But Macário is saving the best diss for last:
SATAN
Eis o que é profundamente verdade! Perguntai ao libertino que venceu o orgulho de cem virgens e que passou outras tantas noites no leito de cem devassas, perguntai a D. Juan, Hamlet ou ao Faust o que é a mulher, e . nenhum o saberá dizer. E isso que te digo não é romantismo. Amanhã numa taverna poderás achar Romeu com a criada da estalagem, verás D. Juan com Julietas, Hamlet ou Faust sob a casaca de um dandy. É que esses tipos são velhos e eternos como o sol. E a humanidade que os estuda desde os primeiros tempos ainda não entende esses míseros, cuja desgraça é não entender e o sábio que os vê a seu lado deixa esse estudo para pensar nas estrelas; o médico, que talvez foi moço de coração e amou e creu, e desesperou e descreu, ri-se das doenças da alma e só vê a nostalgia na ruptura de um vaso, o amor concentrado quando se materializa numa tísica. Se Antony ainda vive e deu-se à medicina é capaz de receitar uma dose de jalapa para uma dor íntima; um cautério para uma dor de coração!
MACÁRIO
Falas como um livro, como dizem as velhas. Só Deus ou tu sabes se o Ramée ou D. Cesar de Basan, Santa Teresa ou Marion Delorme, o sábio ou o ignorante, Creso ou Iro, Goethe ou o mendigo ébrio que canta, entenderam a vida. Quem sabe onde está a verdade? nos sonhos do poeta, nas visões do monge, nas canções obscenas do marinheiro, na cabeça do doido, na palidez do cadáver, ou no vinho ardente da orgia? Quem sabe?
SATAN
This is what is profoundly true! Ask the libertine who has won the pride of a hundred virgins and who has spent so many nights in the bed of a hundred sluts, ask D. Juan, Hamlet or Faust what the woman is, and. none can tell. And what I’m telling you is not romanticism. Tomorrow in a tavern you will find Romeo with the maid of the inn, you will see D. Juan with Juliets, Hamlet or Faust in the coat of a dandy. It’s just that these guys are old and eternal like the sun. And humanity that studies them from the earliest times still does not understand these miserable ones, whose misfortune it is not to understand, and the sage who sees them by his side leaves this study to think of the stars; the doctor, who was perhaps a young man of heart and loved and believed, and despaired and disbelieved, laughs at the diseases of the soul and only sees the nostalgia in the rupture of a vessel, the love concentrated when it materializes in a physical. If Antony still lives and gave himself to medicine he is able to prescribe a dose of flower for an intimate pain; a cauterization for a heartache!
MACÁRIO
You talk like a book, as old women say. Only God or you know if Ramée or D. Cesar de Basan, Saint Teresa or Marion Delorme, the wise or the ignorant, Croesus or Iro, Goethe or the drunken beggar who sings, understood life. Who knows where the truth is? in the poet’s dreams, in the monk’s visions, in the obscene songs of the sailor, in the madman’s head, in the pallor of the corpse, or in the wine of the orgy? Who knows?

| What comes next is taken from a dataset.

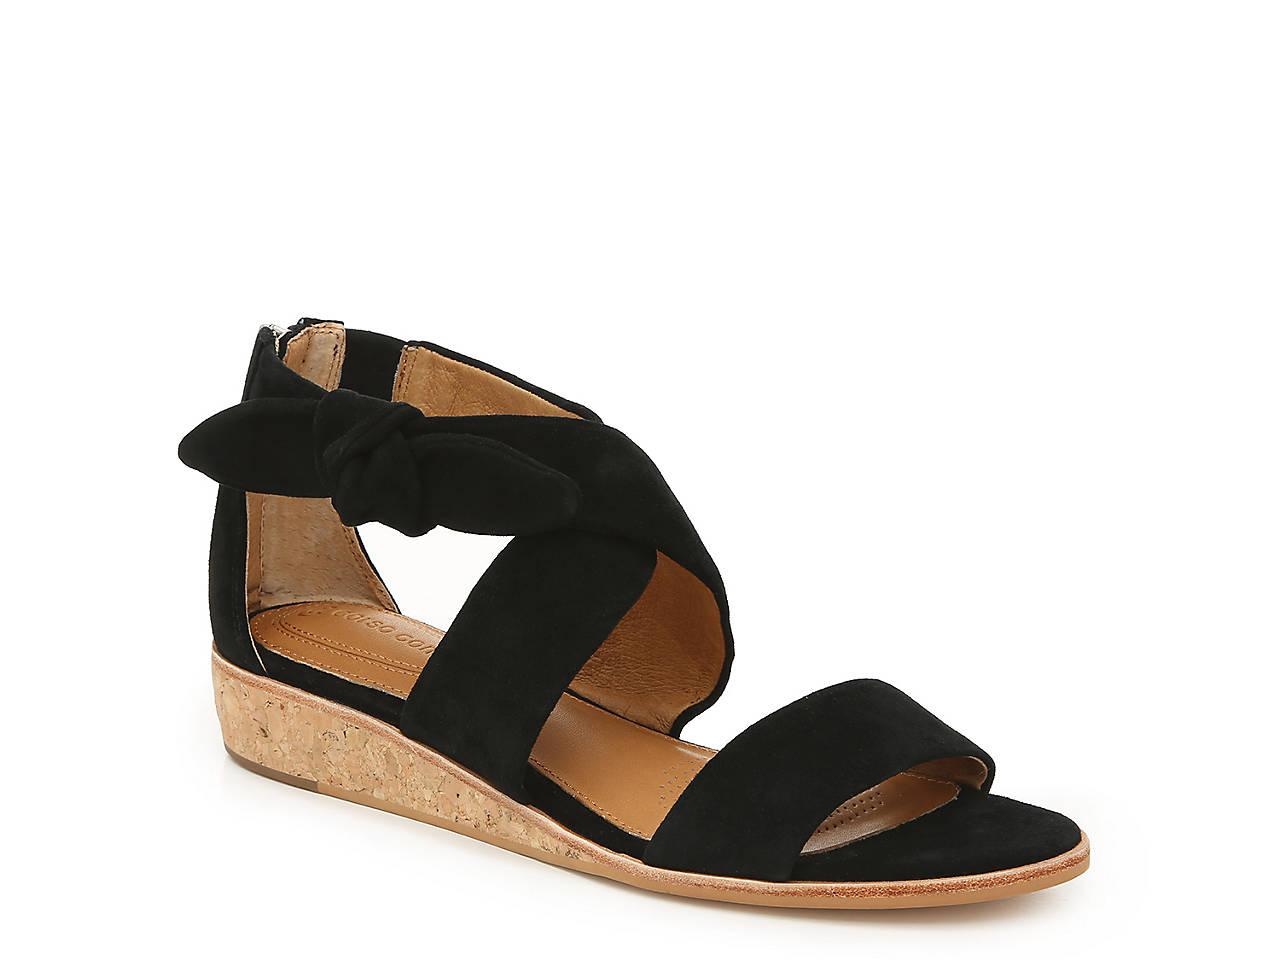 a9b8097d03c Corso Como Rasque Wedge Sandal Women s Shoes

“You talk like a book, Satan”
Then there’s that one friend Macário had:
MACÁRIO
Adeus, Penseroso. Eu pensei que tu me acordavas a vida no peito. Mas a fibra em que tocaste e onde foste despertar uma harmonia é uma fibra maldita, cheia de veneno e de morte. Adeus. Penseroso. Ai daquele a quem um verme roeu a flor da vida como a Werther! A descrença é a filha enjeitada do desespero. Faust é Werther que envelheceu, e o suicídio da alma é o cadáver de um coração. O desfolhar das ilusões anuncia o inverno da vida.
Onde vais, onde vais?
PENSEROSO
Onde vou todas as noites. Vagarei à toa pelos campos até que o sono feche meus olhos e que eu adormeça na relva fria das orvalhadas da noite. Adeus.
MACÁRIO
Good-bye, Penseroso. I thought you remembered me in your chest. But the fiber in which you have touched and where you have awakened a harmony is a cursed fiber, full of poison and death. Bye. Penseroso. Woe to him whom a worm has gnawed at the flower of life like Werther! Disbelief is the daughter of despair. Faust is Werther who has aged, and the suicide of the soul is the corpse of a heart. The stripping of illusions heralds the winter of life.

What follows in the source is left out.